Blasto is an LPS. I was not too impressed with Blastos the first time I saw them, but I am glad I got one as a starter. It was the easiest one, and I had zero issues with it at all. While it may be at the upper end of beginner, I personally had no issues at all.
One of the great things about Blasto, is that is does not need a lot of flow or light, so it is easy to place on your sand bed, and if you have not purchased a good power head yet, you should be fine. You should also be able to get by on minimal quality light.
It’s peaceful and you should be able to place it around other corals which is another positive thing for newbies.

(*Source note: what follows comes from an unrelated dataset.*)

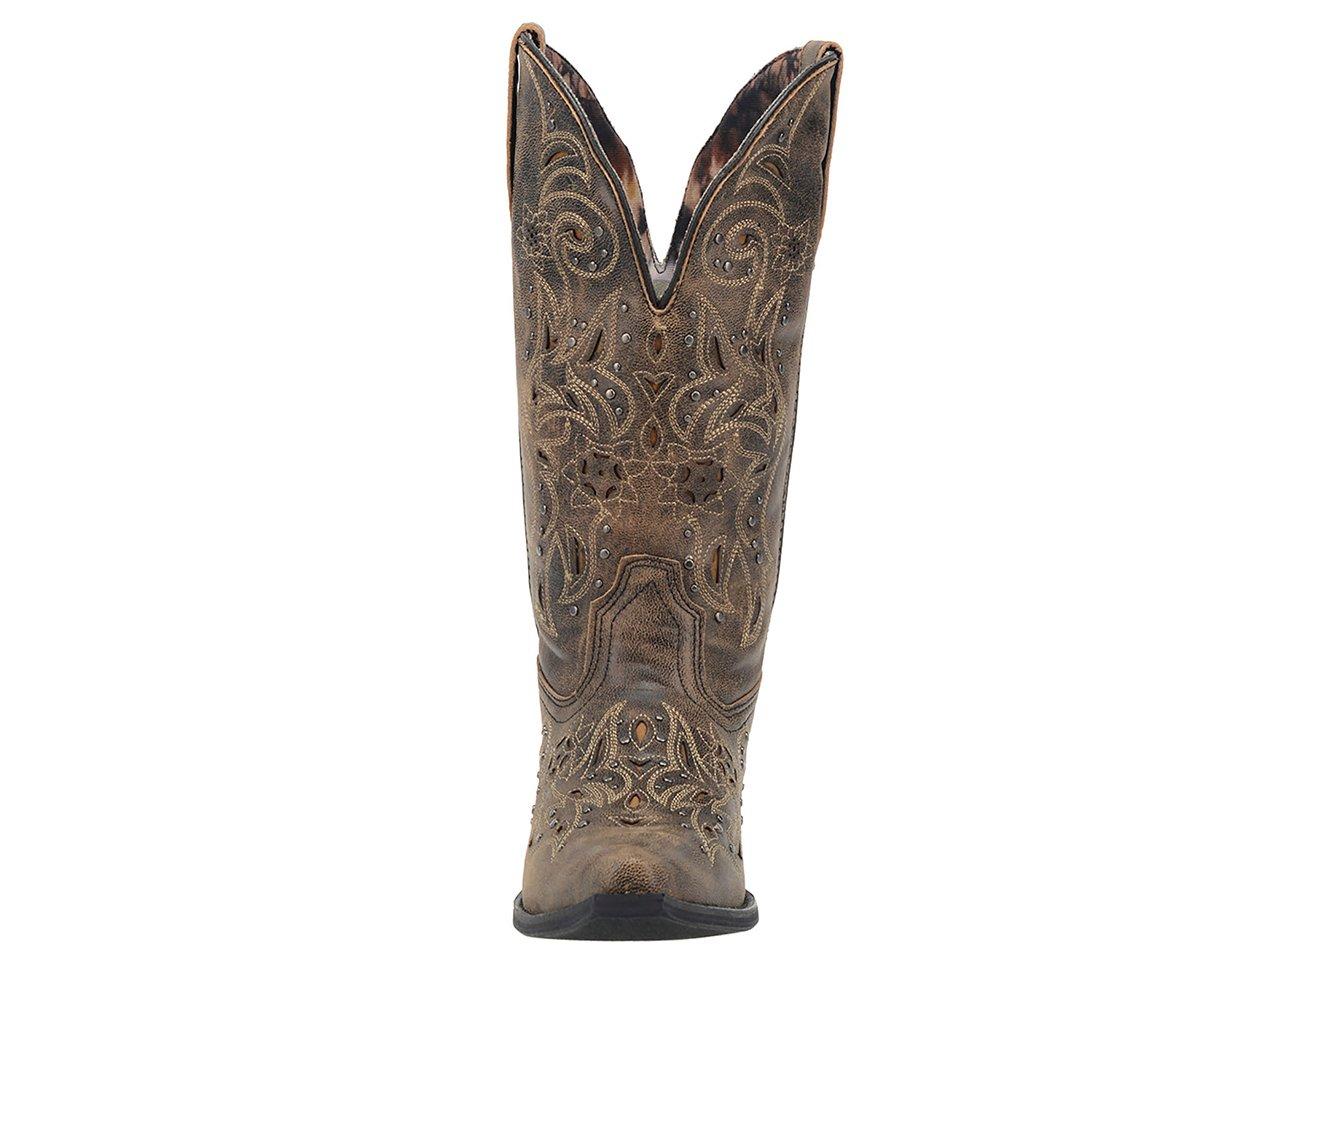 Women's Laredo Western Boots Vanessa Western Boots

Montipora is also at the upper side of experience on the list. Once you have a good handle on softies and LPS, a Monti is a good choice as it is one of the easiest to take care of. Some of the others listed on this list require low or moderate flow, so they are great for the lower end of your tank.
Montipora needs a medium to strong flow, so keep that in mind before purchasing. If you don’t have a quality wave maker yet, you might want to hold off on this until you can sustain a higher level of flow throughout your tank,
Candy Cane Coral
The Candy Cane (Caulastrea furcata) is a nice, easy, and peaceful coral to start with. It can be place most anywhere, and it requires medium light and moderate flow. You should also see some good growth in a correctly set up environment.
The Duncan is a solid choice for the lower part of your reef aquarium. It requires low waterflow and low-medium lighting. Most new marine tank owners should do well with this as it is inexpensive, peaceful, and it does not require expensive lighting or an expensive power head for flow.
This may be a little more expensive than some of the others, but everyone has a different budget, so this may be in your wheelhouse. If you like anemones, but don’t want something that walks around the tank, grab this little fella.
This can be a beautiful showpiece for your new reef tank, and you can drop this in your sand in the front of your tank. You may not want this if you have a small tank as it may expand and sting other corals around it.
Final Thoughts On Best Corals For Beginners
When looking for the best corals for beginners, you need to do your homework. Having a reef tank can be a very enjoyable hobby, but it can also be expensive. Understanding your tank setup, your tanks limits, etc. is the first place to start.
Once you have an understanding of your new reef tank setup, read through our list and others so that you have a better understanding of where to start. My first coral purchase included a Blasto, a Zoa, and an Acan. I have seen some people mention Acans as a good starter coral, but I had a difficult time with mine, so I cannot include it on my list.